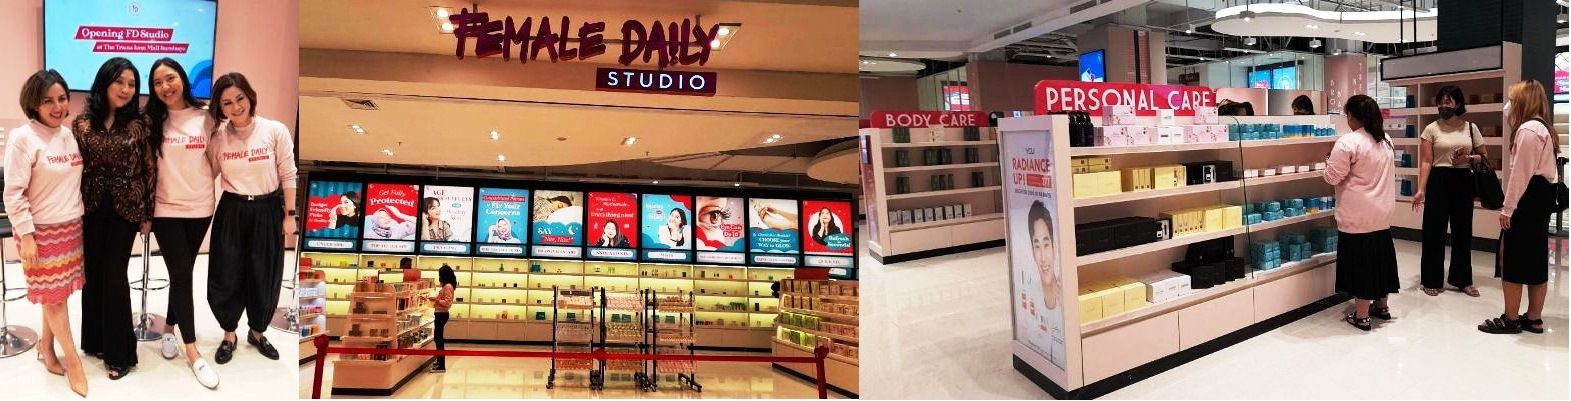 Female Daily Studio Tawarkan Beragam Produk & Brand Kecantikan dan Perawatan
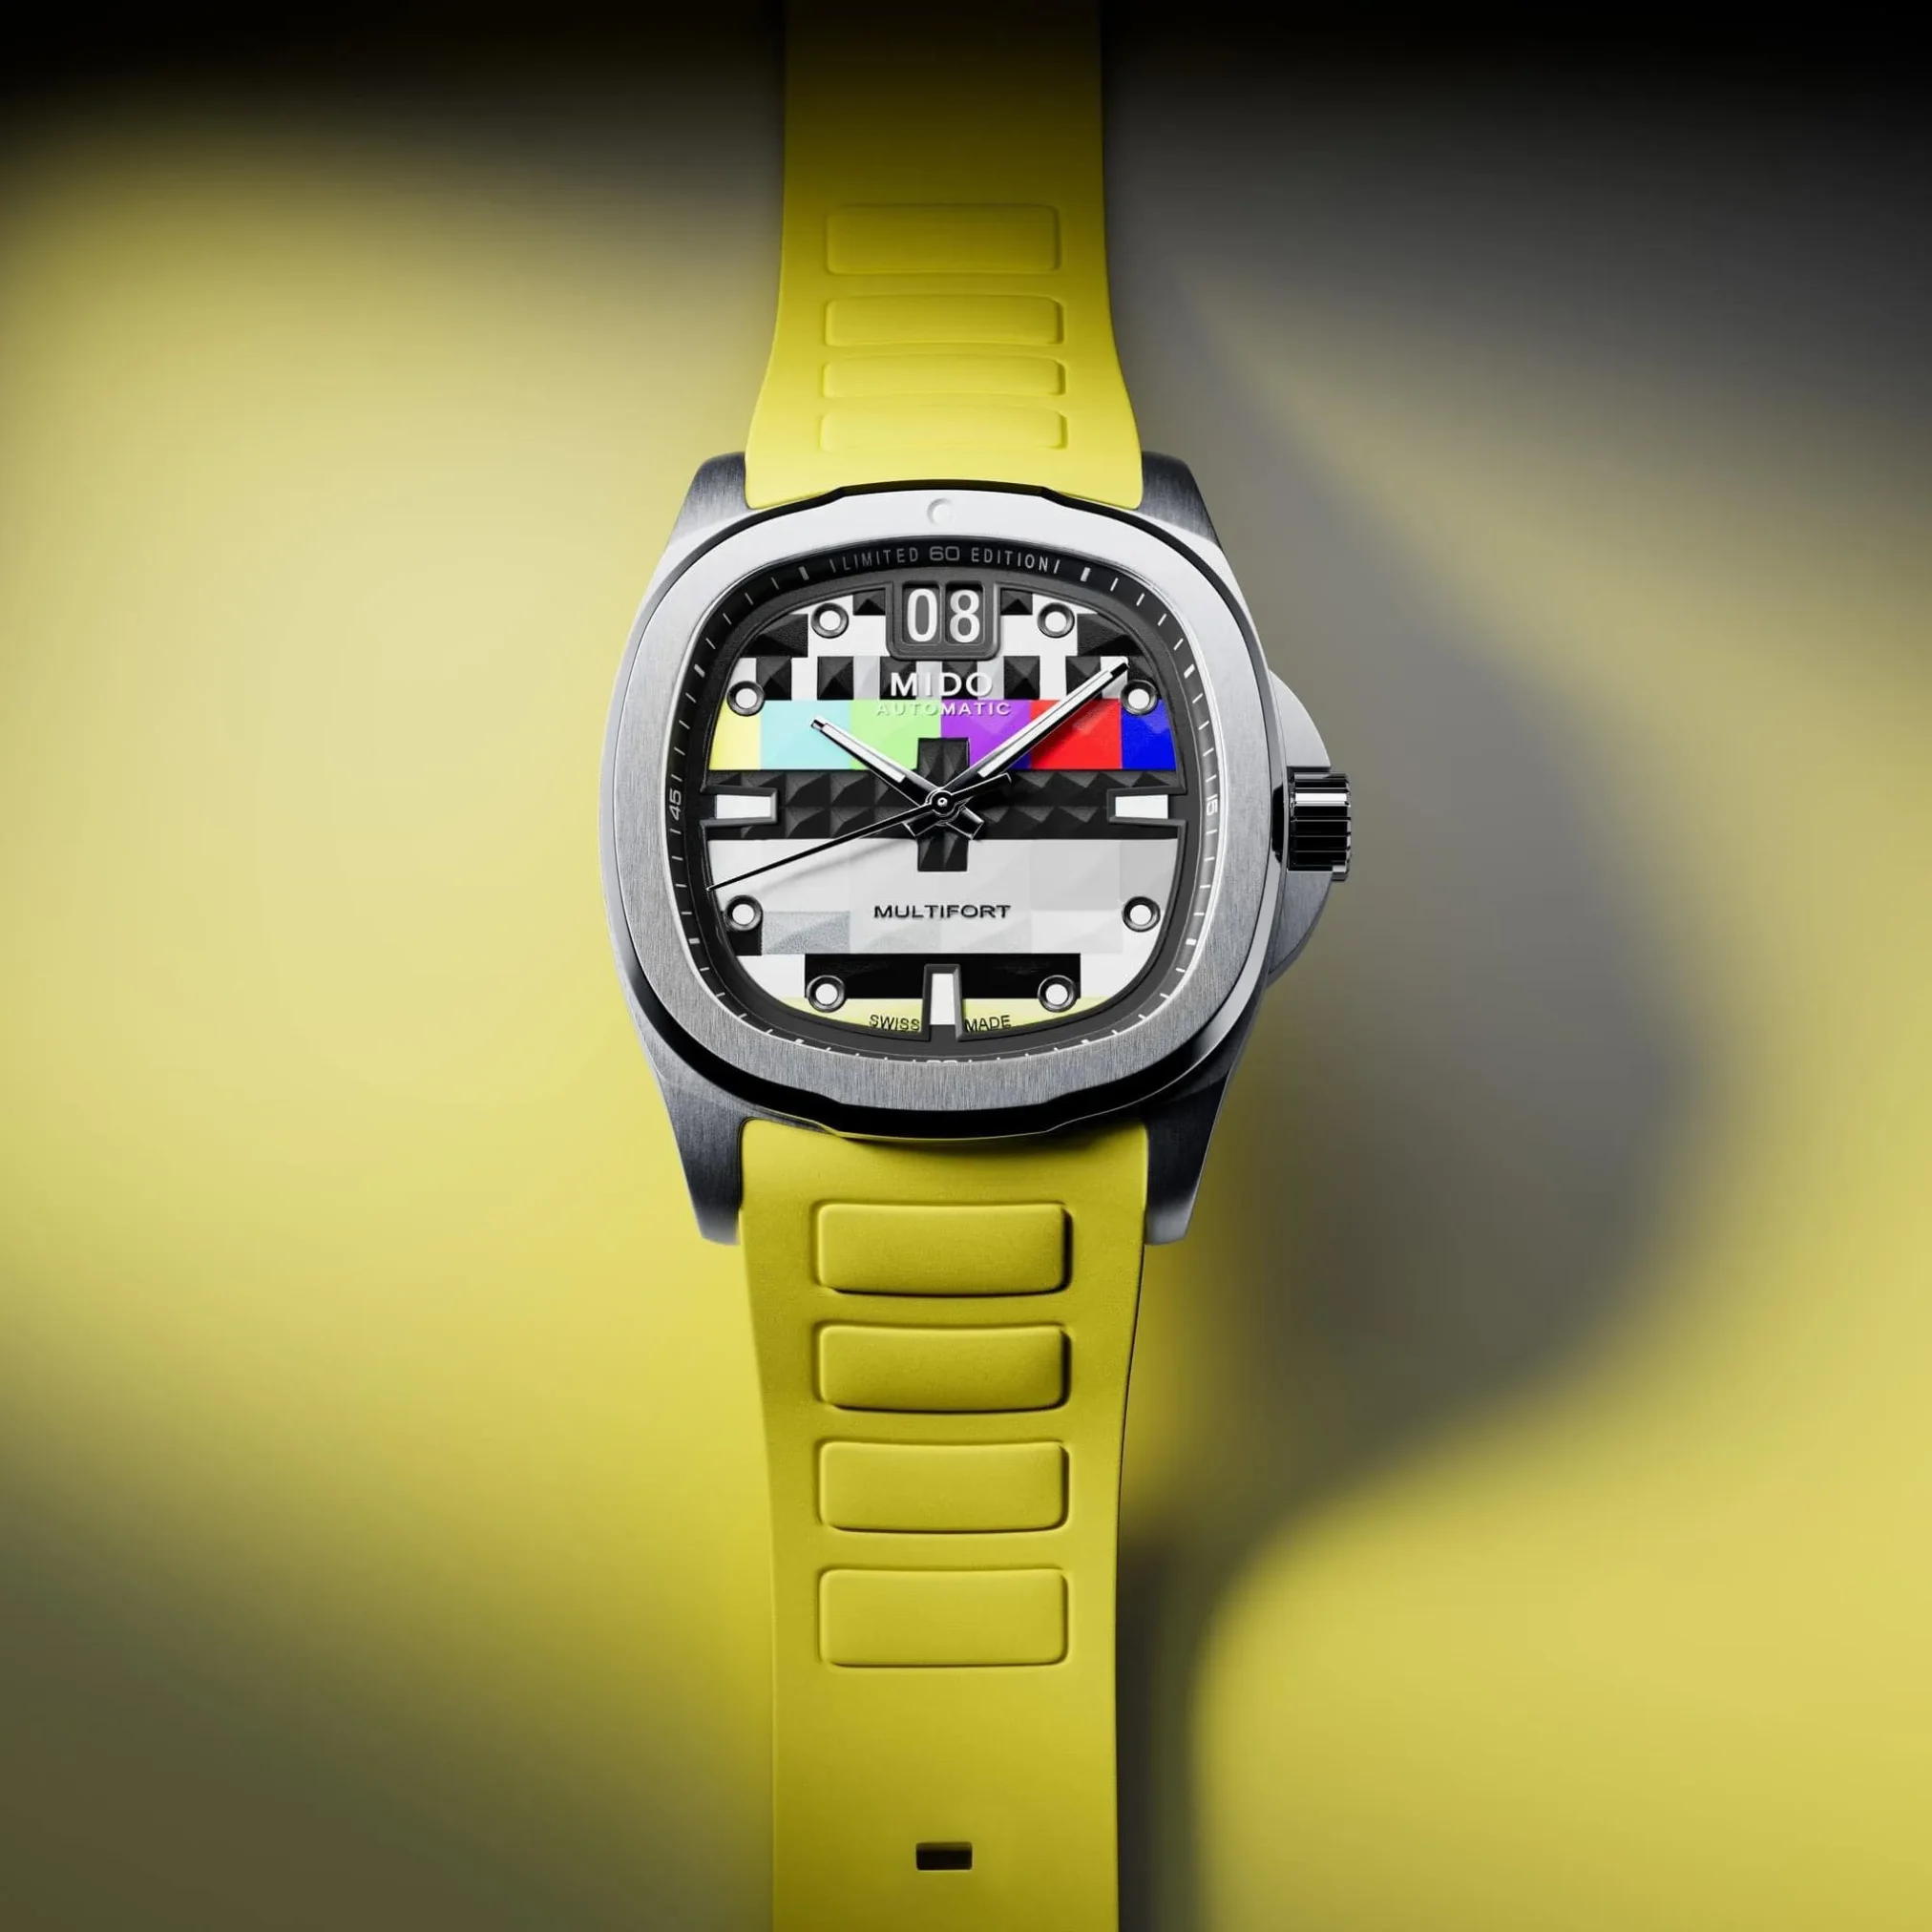 Đồng hồ Mido Multifort TV Big Date Limited Edition M049.526.11.081.01 mặt số đa màu. Dây đeo bằng thép và cao su. Thân vỏ bằng thép.
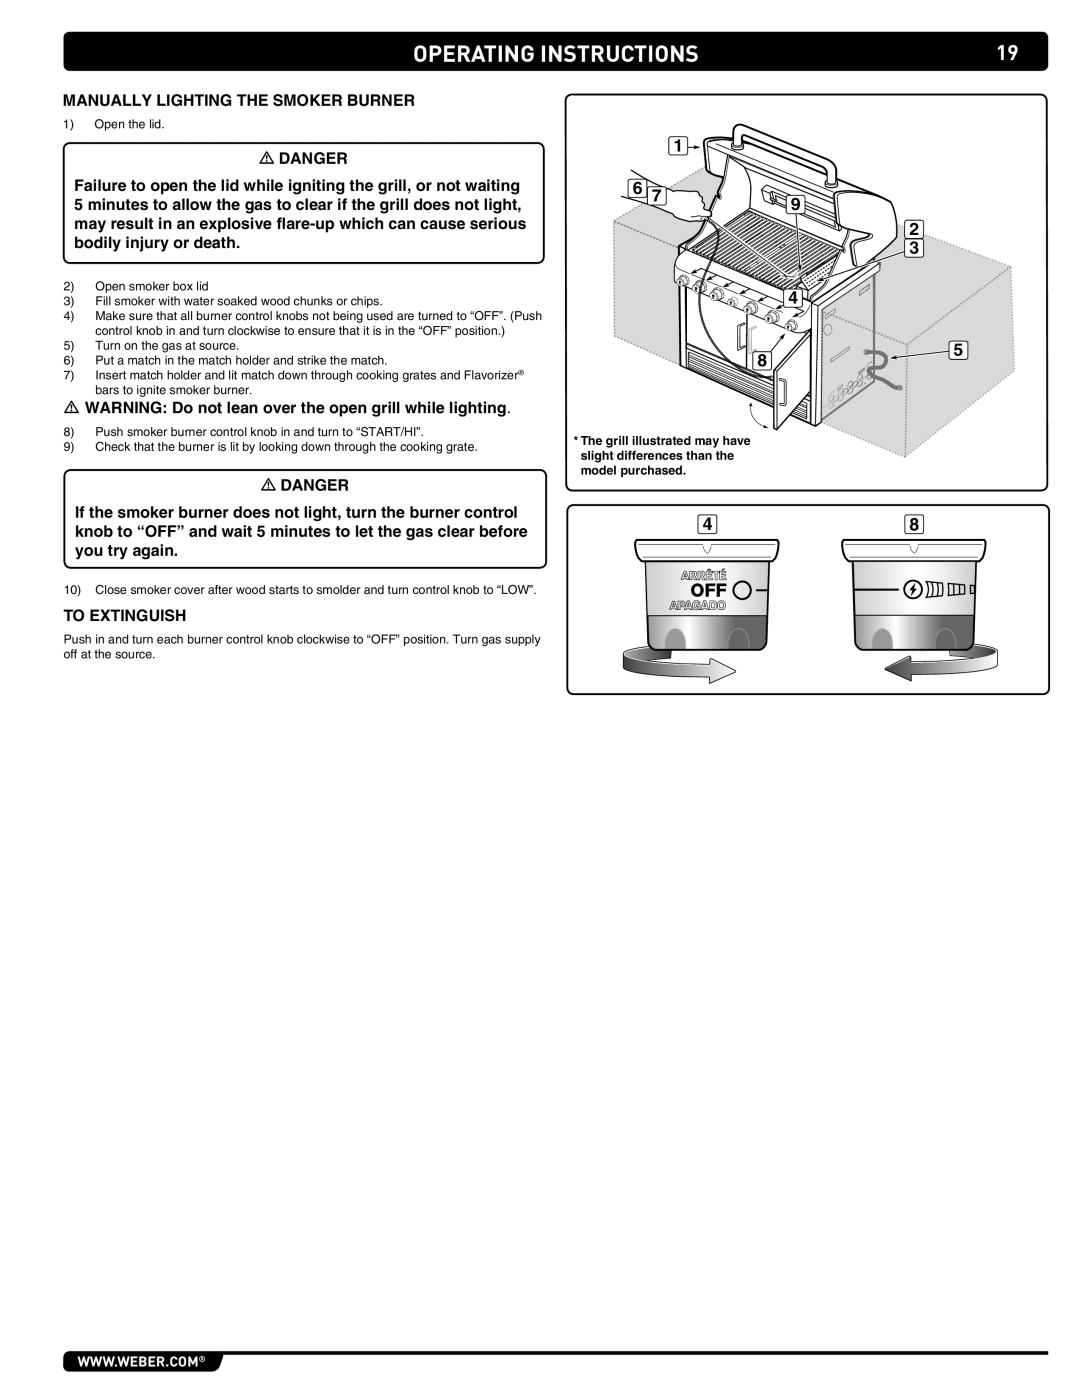 Weber S-460 manual operating Instructions, Manually Lighting the Smoker Burner, m DANGER, mDANGER
○ ○ ○
EXERCISE PROMPT: In the answer, retype exactly and only the lines from the one holding "Đồng hồ Mido" through the end of the listing, keeping both ends and dropping every picture.

RESPONSE AREA:
 Đồng hồ Mido Multifort TV Big Date Limited Edition M049.526.11.081.01 mặt số đa màu. Dây đeo bằng thép và cao su. Thân vỏ bằng thép.
 Weber S-460 manual operating Instructions, Manually Lighting the Smoker Burner, m DANGER, mDANGER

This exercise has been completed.